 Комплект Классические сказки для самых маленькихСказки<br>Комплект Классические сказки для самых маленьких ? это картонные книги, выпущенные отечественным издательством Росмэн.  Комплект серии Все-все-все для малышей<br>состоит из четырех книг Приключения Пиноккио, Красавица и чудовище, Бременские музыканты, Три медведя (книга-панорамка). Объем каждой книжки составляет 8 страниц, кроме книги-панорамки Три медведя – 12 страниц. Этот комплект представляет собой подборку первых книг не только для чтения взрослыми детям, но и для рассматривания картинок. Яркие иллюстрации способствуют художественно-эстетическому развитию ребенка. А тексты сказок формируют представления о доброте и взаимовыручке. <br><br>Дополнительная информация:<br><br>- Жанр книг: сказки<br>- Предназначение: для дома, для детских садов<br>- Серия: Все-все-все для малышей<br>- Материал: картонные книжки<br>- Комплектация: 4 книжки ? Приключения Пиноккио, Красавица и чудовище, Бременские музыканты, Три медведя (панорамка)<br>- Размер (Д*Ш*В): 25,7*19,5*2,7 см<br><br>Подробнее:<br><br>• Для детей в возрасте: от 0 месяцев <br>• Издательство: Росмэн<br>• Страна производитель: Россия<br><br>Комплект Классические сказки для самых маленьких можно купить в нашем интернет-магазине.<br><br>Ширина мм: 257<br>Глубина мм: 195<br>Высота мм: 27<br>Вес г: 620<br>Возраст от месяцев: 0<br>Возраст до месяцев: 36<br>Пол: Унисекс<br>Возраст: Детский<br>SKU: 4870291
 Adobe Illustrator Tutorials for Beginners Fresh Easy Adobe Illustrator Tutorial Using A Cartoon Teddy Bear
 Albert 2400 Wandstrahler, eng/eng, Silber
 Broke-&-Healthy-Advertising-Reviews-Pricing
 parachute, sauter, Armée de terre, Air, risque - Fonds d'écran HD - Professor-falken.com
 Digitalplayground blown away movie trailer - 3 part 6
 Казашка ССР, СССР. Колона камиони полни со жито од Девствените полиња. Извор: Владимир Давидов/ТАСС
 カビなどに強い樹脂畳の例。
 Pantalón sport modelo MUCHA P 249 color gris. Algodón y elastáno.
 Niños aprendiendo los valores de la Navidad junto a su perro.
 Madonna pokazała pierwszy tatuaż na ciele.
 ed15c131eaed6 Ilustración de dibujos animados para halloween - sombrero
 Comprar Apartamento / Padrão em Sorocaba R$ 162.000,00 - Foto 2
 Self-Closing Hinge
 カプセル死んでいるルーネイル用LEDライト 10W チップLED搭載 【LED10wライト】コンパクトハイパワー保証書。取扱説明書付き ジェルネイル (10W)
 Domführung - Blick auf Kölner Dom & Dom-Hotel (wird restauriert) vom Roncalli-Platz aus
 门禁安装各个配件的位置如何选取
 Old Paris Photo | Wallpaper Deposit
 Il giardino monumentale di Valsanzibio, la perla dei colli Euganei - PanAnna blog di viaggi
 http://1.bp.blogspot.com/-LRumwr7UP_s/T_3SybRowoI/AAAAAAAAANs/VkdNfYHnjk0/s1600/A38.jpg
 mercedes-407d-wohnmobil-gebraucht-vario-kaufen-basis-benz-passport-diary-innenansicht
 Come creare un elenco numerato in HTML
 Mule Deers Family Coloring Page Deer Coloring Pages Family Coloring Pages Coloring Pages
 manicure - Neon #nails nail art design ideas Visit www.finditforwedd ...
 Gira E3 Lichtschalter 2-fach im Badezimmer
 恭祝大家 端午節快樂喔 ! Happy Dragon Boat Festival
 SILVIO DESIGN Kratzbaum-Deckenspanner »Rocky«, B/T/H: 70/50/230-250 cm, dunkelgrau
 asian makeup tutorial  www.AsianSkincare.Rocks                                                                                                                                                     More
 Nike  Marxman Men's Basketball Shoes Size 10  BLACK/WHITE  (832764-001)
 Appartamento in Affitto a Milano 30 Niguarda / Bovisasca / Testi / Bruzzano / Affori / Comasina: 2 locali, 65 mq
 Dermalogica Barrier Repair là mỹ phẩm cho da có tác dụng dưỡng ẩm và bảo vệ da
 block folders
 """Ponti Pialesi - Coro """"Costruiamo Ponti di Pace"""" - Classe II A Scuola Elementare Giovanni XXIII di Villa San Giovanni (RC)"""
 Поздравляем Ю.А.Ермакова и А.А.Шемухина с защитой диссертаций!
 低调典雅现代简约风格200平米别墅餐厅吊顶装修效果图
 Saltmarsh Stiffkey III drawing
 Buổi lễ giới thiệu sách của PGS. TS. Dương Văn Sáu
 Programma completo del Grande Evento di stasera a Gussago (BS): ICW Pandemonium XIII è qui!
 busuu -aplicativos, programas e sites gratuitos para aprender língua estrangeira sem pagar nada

### Your task
Your task is to copy exactly, and only, the lines from the line with "Dermalogica Barrier Repair" through the last line of the entries, both included.

### Written answer
 Dermalogica Barrier Repair là mỹ phẩm cho da có tác dụng dưỡng ẩm và bảo vệ da
 block folders
 """Ponti Pialesi - Coro """"Costruiamo Ponti di Pace"""" - Classe II A Scuola Elementare Giovanni XXIII di Villa San Giovanni (RC)"""
 Поздравляем Ю.А.Ермакова и А.А.Шемухина с защитой диссертаций!
 低调典雅现代简约风格200平米别墅餐厅吊顶装修效果图
 Saltmarsh Stiffkey III drawing
 Buổi lễ giới thiệu sách của PGS. TS. Dương Văn Sáu
 Programma completo del Grande Evento di stasera a Gussago (BS): ICW Pandemonium XIII è qui!
 busuu -aplicativos, programas e sites gratuitos para aprender língua estrangeira sem pagar nada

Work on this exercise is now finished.